The stock has a price each day, what's the max profit is it possible to gain buying and selling the stock?
It shows a solution with O(n) as time complexity. It is implemented in Java.

You have an array in which the i'th element is the price of a stock on day 'i'. What is the maximum profit you can gain doing at most 1 transaction (buy once and sell once)?
Note that you cannot sell a stock before you buy one.

Example: array = [8 , 1 , 2 , 4 , 6 , 3]
                             0   1   2   3   4   5

The maximum profit is 5. If you buy on day 1 = 1 and sell on day 4 = 6.

A possible approach the would come to mind is to calculate for all elements combination and keep the highest profit.

Pseudo Code:

var highestProfit: 0;
For i = 0 to array.length
  j = i + 1;
  For j to array.length
    highestProfit = max(highestProfit, array[j] - array[i]);

We will get a time complexity like O(n ^ 2).
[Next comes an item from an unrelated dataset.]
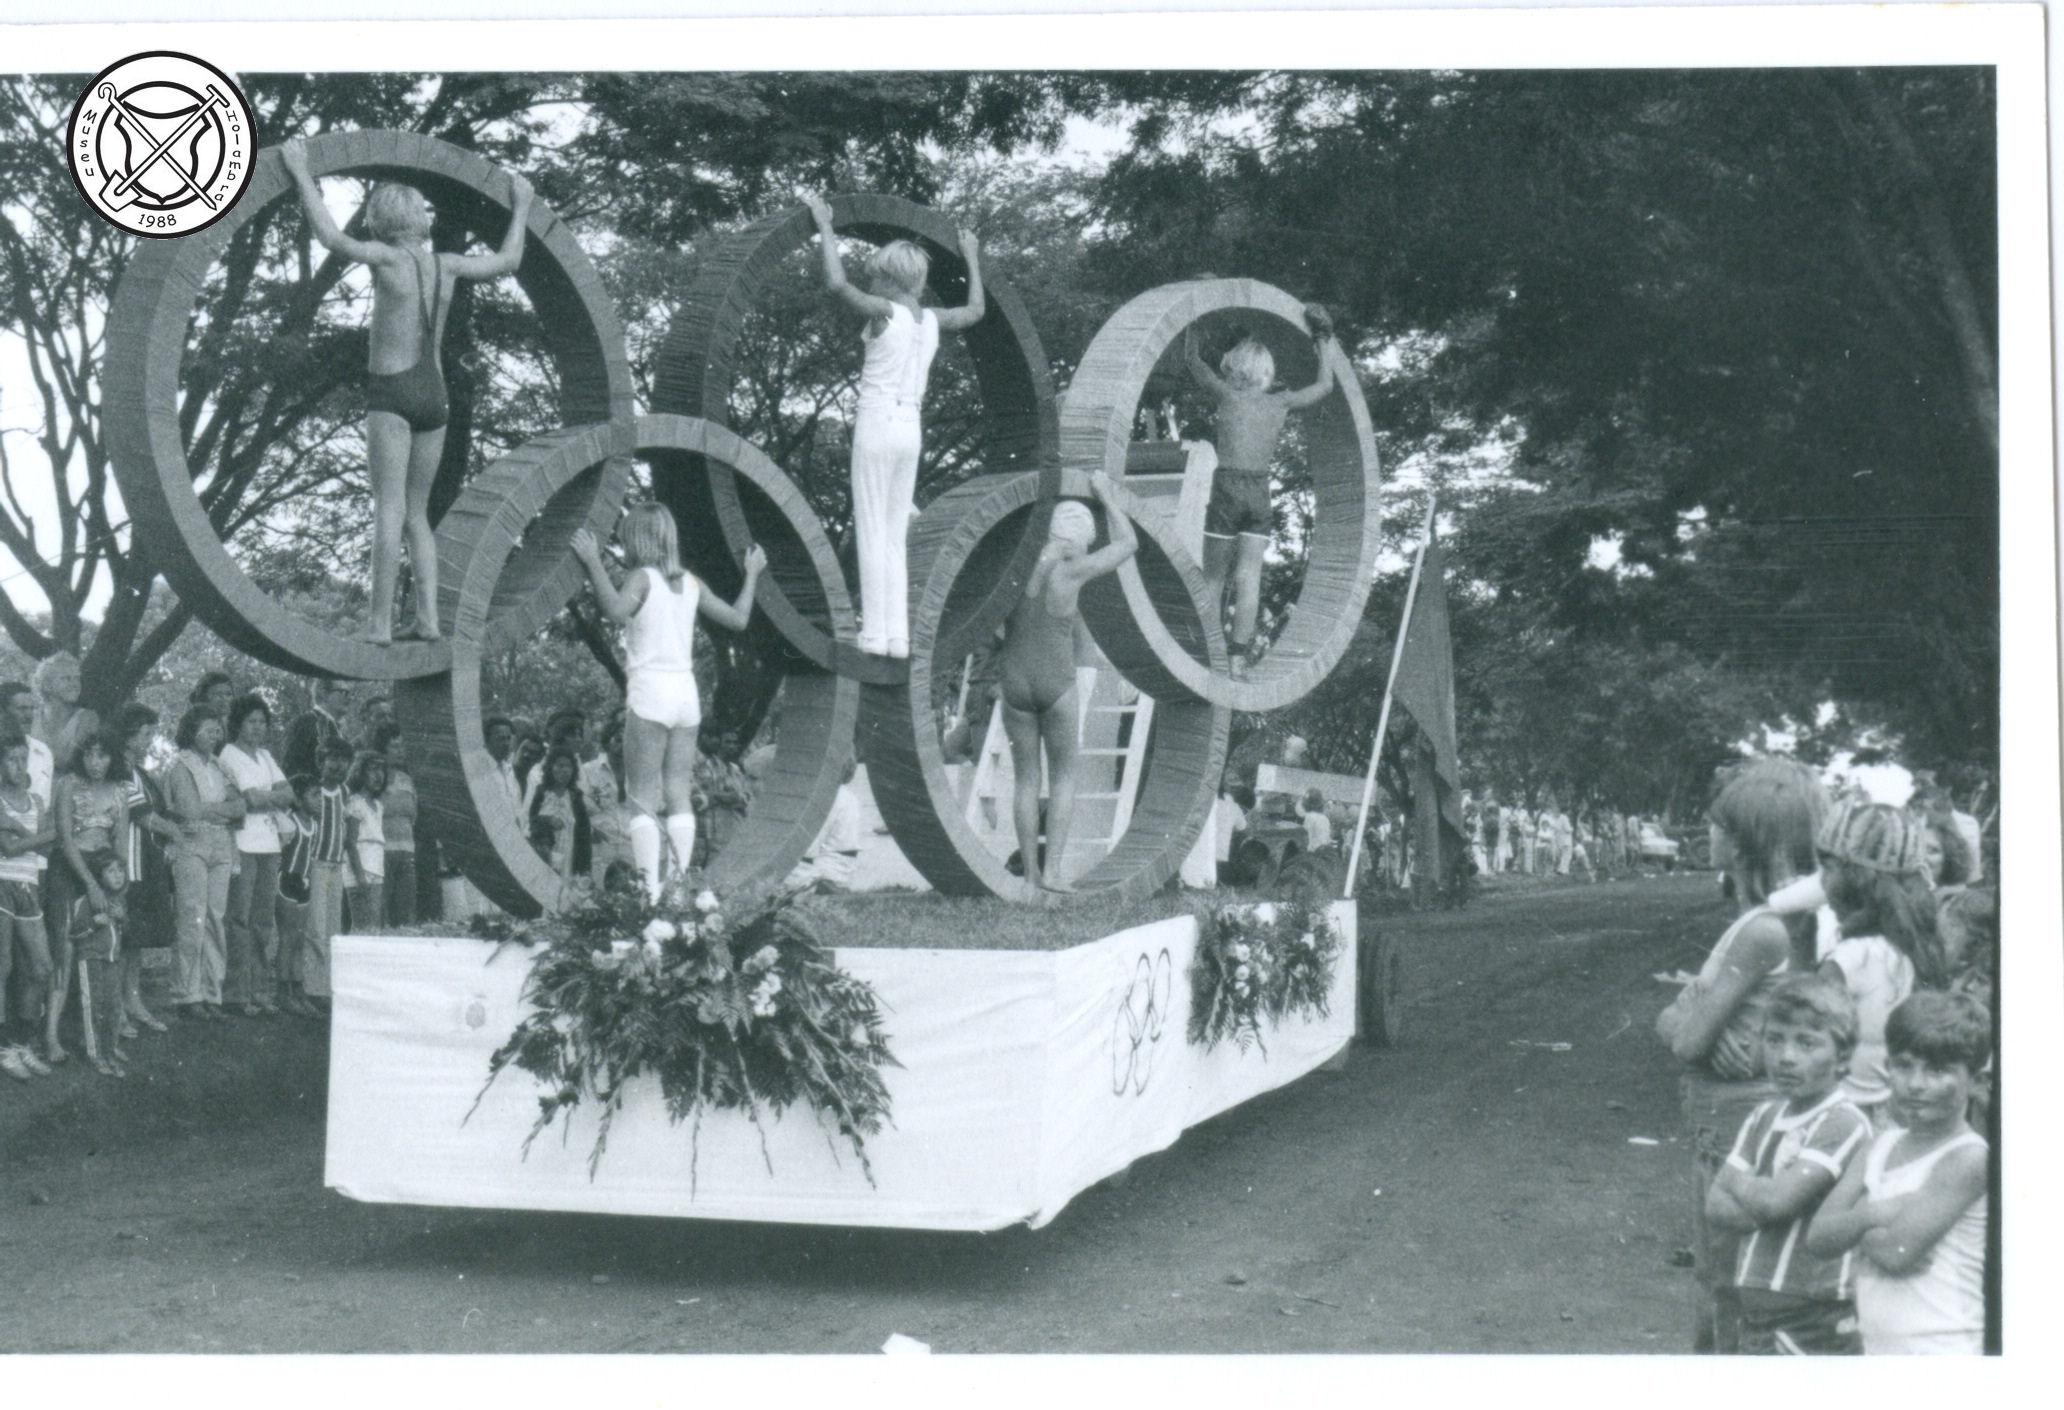 Carnavalsoptocht met het thema Olympische Spelen

How to get a solution with O(n) as time complexity?
It is possible to use dynamic programming, identifying the logic that is possible to reuse. Let's take a look:

Some possibilities:

1. Buy on day 0=8 and sell on day 2=2 getting a loss of 6 units.
2. Buy on day 1=1 and sell on day 3=4 getting a profit of 3 units.
3. Buy on day 4=6 and sell on day 5=3 getting a loss of 3 units.
4. Buy on day 1=1 and sell on day 4=6 getting a profit of 5 units.

Important observations:

• It going to have a profit just if the buying price is lower than the selling price, in array words, the "i" element must be greater than the previous "i". Like in possibilities 2 and 4.
• The maximum profit is related to buy with the minimum price and sell it someday. In array words, it means that the profit related to "i" is the profit between "i" and the minimum price before i. Like in the possibility 4.

Pseudo Code:

var maxProfit = N/A; //Start with the minimum possible value
var minPrice = array[0];

For i = 1 to array.length
   minPrice = min(minPrice, array[i]); //Keep the minimum price until i
   if(prices[i] - minPrice > maxProfit)
       maxProfit = prices[i] - minPrice;